Although there are multiple threads regarding the OOM issue would like to clarify certain things. We are running a 36 node Cassandra cluster of 3.11.6 version in K8's with 32gigs allocated for the container.
The container is getting OOM killed (Note:- Not java heap OOM error rather linux cgroup OOM killer) since it's reaching the memory limit of 32 gigs for its cgroup.
Stats and configs
map[limits:map[ephemeral-storage:2Gi memory:32Gi] requests:map[cpu:7 ephemeral-storage:2Gi memory:32Gi]]
Cgroup Memory limit
34359738368 -> 32 Gigs
The JVM spaces auto calculated by Cassandra -Xms19660M -Xmx19660M -Xmn4096M
Cassandra Yaml --> https://pastebin.com/ZZLTc1cM
JVM Options --> https://pastebin.com/tjzZRZvU
Nodetool info output on a node which is already consuming 98% of the memory
nodetool info
ID : 59c53bdb-4f61-42f5-a42c-936ea232e12d
Gossip active : true
Thrift active : true
Native Transport active: true
Load : 179.71 GiB
Generation No : 1643635507
Uptime (seconds) : 9134829
Heap Memory (MB) : 5984.30 / 19250.44
Off Heap Memory (MB) : 1653.33
Data Center : datacenter1
Rack : rack1
Exceptions : 5
Key Cache : entries 138180, size 99.99 MiB, capacity 100 MiB, 9666222 hits, 10281941 requests, 0.940 recent hit rate, 14400 save period in seconds
Row Cache : entries 10561, size 101.76 MiB, capacity 1000 MiB, 12752 hits, 88528 requests, 0.144 recent hit rate, 900 save period in seconds
Counter Cache : entries 714, size 80.95 KiB, capacity 50 MiB, 21662 hits, 21688 requests, 0.999 recent hit rate, 7200 save period in seconds
Chunk Cache : entries 15498, size 968.62 MiB, capacity 1.97 GiB, 283904392 misses, 34456091078 requests, 0.992 recent hit rate, 467.960 microseconds miss latency
Percent Repaired : 8.28107989669628E-8%
Token : (invoke with -T/--tokens to see all 256 tokens)
What had been done
Questions
Although we know cassandra does occupy off heap spaces (Bloom filter, Memtables , etc )
Our production cluster requires tons of approval so deploying them with jconsole remote is tough. Any other ways to account for this memory usage.
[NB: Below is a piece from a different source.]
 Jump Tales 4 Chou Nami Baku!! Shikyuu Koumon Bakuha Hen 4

There's a good chance that the SSTables are getting mapped to memory (cached with mmap()
). If this is the case, it wouldn't be immediate and memory usage would grow over time depending on when SSTables are read which are then cached. I've written about this issue in https://dba.stackexchange.com/q/340515/255786.
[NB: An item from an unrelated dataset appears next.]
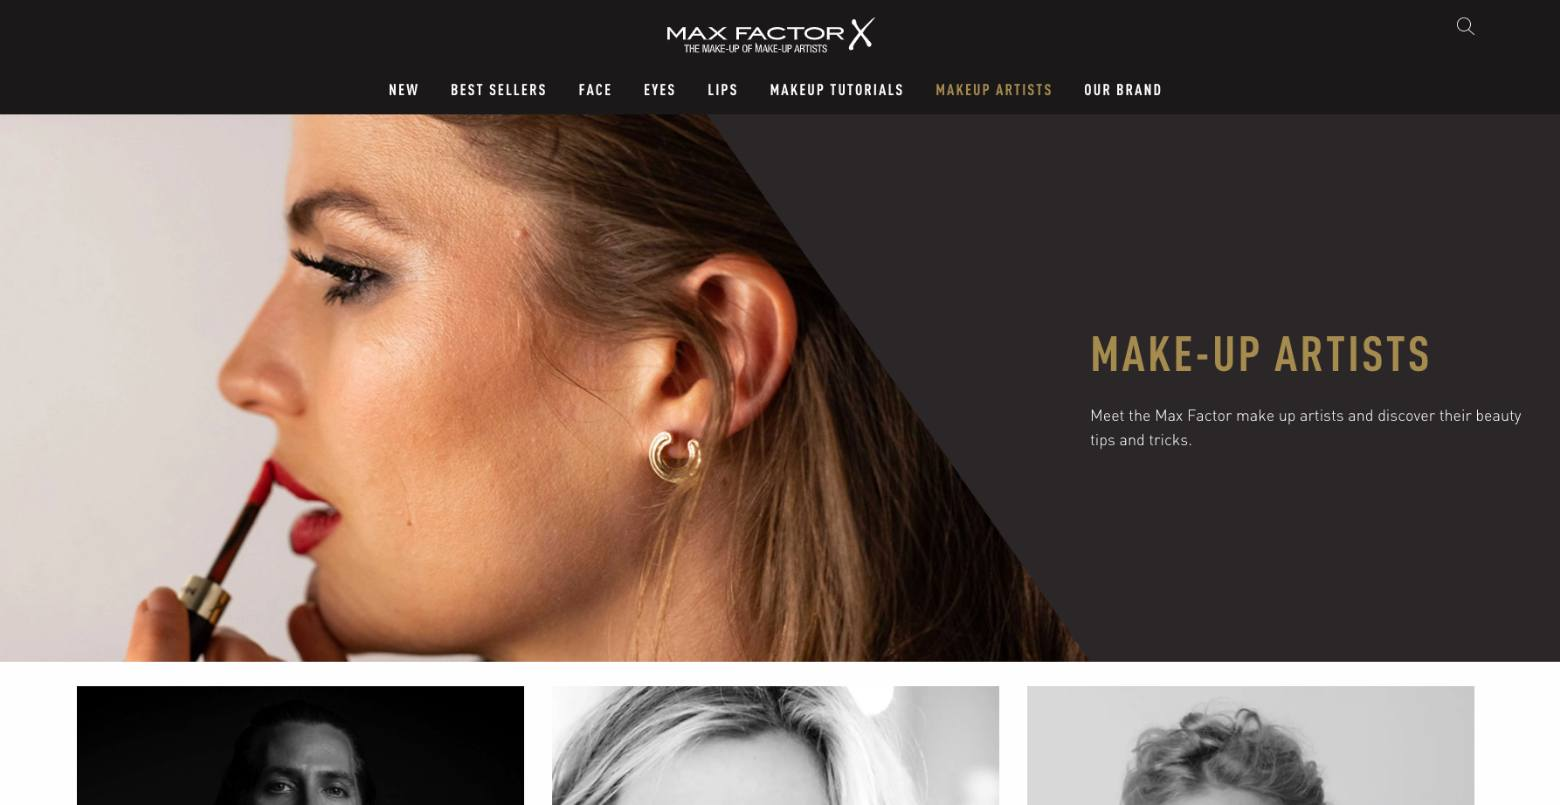 maxfactor social proof marketing

There's an issue with a not-so-well-known configuration property called "disk access mode". When it's not set it cassandra.yaml
, it defaults to mmap
which means that all SSTables get mmap
ed to memory. If so, you'll see an entry in the system.log
on startup that looks like:
INFO [main] 2019-05-02 12:33:21,572 DatabaseDescriptor.java:350 - \
DiskAccessMode 'auto' determined to be mmap, indexAccessMode is mmap
The solution is to configure disk access mode to only cache SSTable index files (not the *-Data.db
component) by setting:
disk_access_mode: mmap_index_only
For more information, see the link I posted above. Cheers!
UPDATE 2024 - Previously linked to DataStax Community article #6947 which has been retired in preference for the Stack Exchange Network.